如何在 Swift 中访问深度嵌套的字典 [英] How to access deeply nested dictionaries in Swift

问题描述

我的应用程序中有一个非常复杂的数据结构，我需要对其进行操作.我试图跟踪玩家在他们的花园中有多少种虫子.虫子有十种，每种有十种花纹，每种花纹有十种颜色.所以可能有 1000 个独特的错误，我想跟踪玩家有多少这些类型.嵌套字典看起来像:

I have a pretty complex data structure in my app, which I need to manipulate. I am trying to keep track of how many types of bugs a player has in thier garden. There are ten types of bugs, each with ten patterns, each pattern having ten colors. So there are 1000 unique bugs possible, and I want to track how many of each of these types the player has. The nested dictionary looks like:

var colorsDict: [String : Int]
var patternsDict: [String : Any] // [String : colorsDict]
var bugsDict: [String : Any] // [String : patternsDict]

我没有收到任何关于此语法的错误或投诉.

I do not get any errors or complaints with this syntax.

当我想增加玩家的错误收集时，这样做:

When I want to increment the player's bug collection though, doing this:

bugs["ladybug"]["spotted"]["red"]++

我收到此错误:String 不可转换为 'DictionaryIndex<;字符串，任何 >'，在第一个字符串下带有错误的胡萝卜.

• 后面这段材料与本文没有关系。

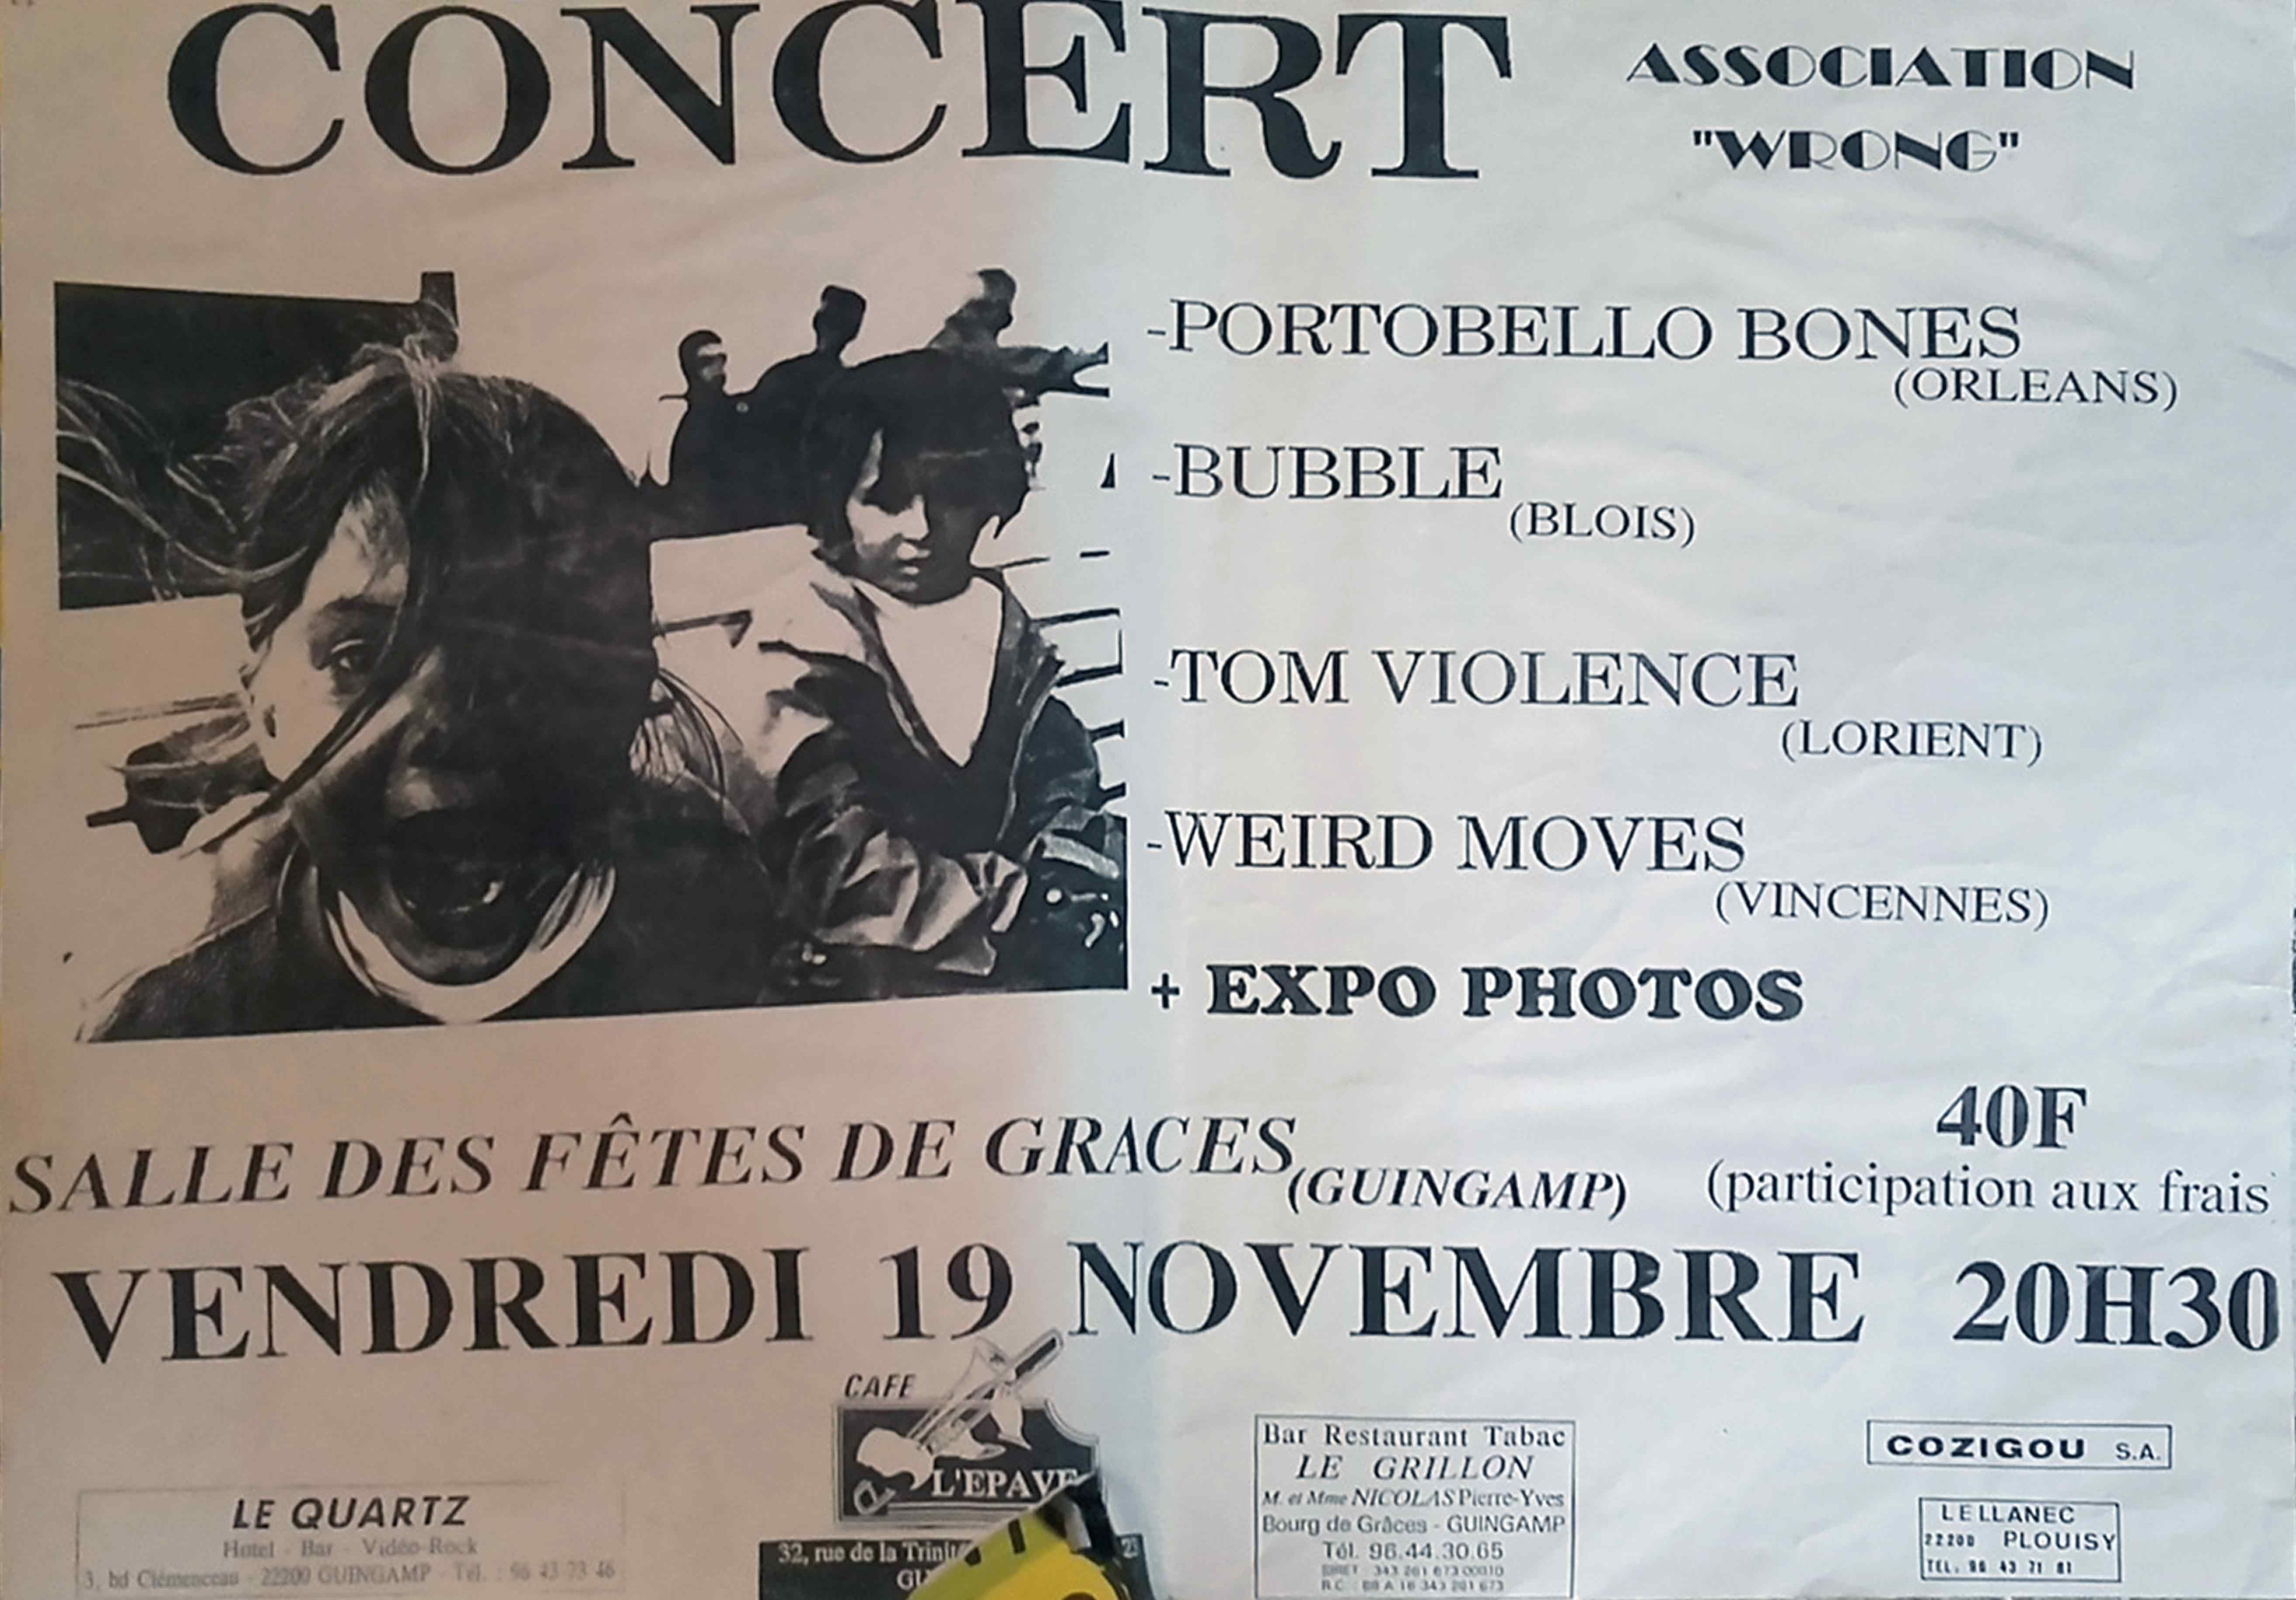 """19 novembre 1993 Portobello Bones, Bubble, Tom Violence, Weird Moves à Graces """"Salle des Fetes"""""""

I get this error: String is not convertible to 'DictionaryIndex< String, Any >' with the error's carrot under the first string.

另一个类似的帖子建议使用as Any?"在代码中，但那篇文章的 OP 只有一个深度的字典，所以可以很容易地做到这一点: dict["string"] as Any?...

Another similar post suggested using "as Any?" in the code, but the OP of that post only had a dictionary one deep so could do that easily with: dict["string"] as Any? ...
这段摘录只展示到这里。